• **EXCERPTED DATA**:

══════════════════════════════

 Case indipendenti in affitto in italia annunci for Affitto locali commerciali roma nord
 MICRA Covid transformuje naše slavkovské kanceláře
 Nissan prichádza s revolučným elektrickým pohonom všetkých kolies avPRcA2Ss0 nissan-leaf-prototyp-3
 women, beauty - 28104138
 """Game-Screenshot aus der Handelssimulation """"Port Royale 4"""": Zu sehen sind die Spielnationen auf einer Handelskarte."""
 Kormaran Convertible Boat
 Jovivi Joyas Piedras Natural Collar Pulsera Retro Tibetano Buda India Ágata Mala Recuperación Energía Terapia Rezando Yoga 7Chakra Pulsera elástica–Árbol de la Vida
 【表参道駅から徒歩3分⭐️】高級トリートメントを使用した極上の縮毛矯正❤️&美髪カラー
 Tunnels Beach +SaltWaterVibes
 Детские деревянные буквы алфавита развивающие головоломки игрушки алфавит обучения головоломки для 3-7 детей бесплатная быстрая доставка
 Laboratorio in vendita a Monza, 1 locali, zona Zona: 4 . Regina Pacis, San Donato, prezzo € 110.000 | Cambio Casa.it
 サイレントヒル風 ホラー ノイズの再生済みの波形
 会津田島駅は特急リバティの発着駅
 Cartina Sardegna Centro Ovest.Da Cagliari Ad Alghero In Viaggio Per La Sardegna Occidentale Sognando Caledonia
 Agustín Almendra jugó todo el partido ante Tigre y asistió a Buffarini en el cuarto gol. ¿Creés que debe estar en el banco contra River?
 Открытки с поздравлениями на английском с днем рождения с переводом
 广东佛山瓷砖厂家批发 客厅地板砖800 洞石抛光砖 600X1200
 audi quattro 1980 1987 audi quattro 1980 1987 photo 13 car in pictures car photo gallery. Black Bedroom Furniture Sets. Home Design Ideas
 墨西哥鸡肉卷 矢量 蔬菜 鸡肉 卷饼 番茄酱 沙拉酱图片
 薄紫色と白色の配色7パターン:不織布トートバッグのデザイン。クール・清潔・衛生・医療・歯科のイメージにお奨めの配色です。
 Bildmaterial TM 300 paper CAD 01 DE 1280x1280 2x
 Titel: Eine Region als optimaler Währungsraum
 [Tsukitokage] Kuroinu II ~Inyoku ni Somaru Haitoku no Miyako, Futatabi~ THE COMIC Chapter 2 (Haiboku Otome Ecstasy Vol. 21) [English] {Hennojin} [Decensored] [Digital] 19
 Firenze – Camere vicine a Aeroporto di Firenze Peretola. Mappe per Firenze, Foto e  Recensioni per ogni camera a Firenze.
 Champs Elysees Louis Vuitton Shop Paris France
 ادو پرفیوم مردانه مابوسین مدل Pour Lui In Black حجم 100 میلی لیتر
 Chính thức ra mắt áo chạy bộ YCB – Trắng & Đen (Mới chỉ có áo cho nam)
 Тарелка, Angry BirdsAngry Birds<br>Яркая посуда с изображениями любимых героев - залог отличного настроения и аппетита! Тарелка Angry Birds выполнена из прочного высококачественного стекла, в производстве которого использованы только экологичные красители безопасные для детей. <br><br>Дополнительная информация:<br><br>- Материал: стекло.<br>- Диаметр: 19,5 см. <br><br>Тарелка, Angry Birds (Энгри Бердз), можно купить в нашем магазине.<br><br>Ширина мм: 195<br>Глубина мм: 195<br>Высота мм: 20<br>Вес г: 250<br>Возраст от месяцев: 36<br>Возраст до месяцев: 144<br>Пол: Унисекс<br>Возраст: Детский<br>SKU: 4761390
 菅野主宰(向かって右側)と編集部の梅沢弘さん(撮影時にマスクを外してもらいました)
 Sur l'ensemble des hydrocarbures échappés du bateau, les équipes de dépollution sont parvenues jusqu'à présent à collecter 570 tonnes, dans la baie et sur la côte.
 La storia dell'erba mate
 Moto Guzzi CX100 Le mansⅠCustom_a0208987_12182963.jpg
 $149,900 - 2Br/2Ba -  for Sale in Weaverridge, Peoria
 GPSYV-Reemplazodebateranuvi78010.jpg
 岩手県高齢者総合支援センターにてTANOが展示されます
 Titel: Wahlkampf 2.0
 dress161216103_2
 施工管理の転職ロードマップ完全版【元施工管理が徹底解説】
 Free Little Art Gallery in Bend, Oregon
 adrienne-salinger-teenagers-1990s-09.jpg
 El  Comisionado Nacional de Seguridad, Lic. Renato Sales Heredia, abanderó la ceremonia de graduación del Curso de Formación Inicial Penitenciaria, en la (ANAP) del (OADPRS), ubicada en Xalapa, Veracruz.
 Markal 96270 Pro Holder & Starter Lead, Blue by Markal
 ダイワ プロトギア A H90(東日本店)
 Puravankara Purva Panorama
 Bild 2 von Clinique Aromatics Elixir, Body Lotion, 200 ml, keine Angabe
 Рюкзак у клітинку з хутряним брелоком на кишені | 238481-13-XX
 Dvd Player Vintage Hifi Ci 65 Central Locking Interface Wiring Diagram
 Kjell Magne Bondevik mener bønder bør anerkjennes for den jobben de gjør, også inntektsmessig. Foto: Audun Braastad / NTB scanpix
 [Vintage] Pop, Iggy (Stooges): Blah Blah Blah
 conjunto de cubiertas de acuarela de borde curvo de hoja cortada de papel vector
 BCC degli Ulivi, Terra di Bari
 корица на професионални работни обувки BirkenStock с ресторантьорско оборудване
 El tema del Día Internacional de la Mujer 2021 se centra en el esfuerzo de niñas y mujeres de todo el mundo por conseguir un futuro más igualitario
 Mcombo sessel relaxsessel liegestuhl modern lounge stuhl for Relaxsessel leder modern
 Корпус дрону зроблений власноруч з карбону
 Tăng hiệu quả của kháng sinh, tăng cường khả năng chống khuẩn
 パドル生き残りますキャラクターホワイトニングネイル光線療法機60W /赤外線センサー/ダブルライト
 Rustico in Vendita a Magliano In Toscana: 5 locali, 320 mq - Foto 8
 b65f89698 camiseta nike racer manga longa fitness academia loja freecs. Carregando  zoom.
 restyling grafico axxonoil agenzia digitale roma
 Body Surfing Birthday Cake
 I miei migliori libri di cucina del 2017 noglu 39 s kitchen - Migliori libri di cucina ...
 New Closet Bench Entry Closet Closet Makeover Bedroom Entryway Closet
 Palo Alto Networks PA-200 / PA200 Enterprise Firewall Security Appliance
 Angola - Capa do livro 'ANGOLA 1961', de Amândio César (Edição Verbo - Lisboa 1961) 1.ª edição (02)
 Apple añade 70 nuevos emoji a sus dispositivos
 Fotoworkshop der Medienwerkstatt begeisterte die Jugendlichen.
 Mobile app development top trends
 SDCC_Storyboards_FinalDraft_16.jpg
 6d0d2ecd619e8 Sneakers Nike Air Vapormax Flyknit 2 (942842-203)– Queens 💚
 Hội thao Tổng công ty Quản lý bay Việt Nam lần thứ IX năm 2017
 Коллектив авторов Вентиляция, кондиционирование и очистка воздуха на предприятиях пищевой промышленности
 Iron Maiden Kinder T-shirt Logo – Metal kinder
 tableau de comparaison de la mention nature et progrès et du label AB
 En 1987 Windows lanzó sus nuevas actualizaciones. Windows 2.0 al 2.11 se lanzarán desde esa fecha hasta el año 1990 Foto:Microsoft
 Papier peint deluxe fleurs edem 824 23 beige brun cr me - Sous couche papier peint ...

══════════════════════════════

• **THE PROBLEM**:
In the entries above, which lines hold the word "Body"? Copy them out.

• **SOLUTION FOR THIS TASK**:
 Bild 2 von Clinique Aromatics Elixir, Body Lotion, 200 ml, keine Angabe
 Body Surfing Birthday Cake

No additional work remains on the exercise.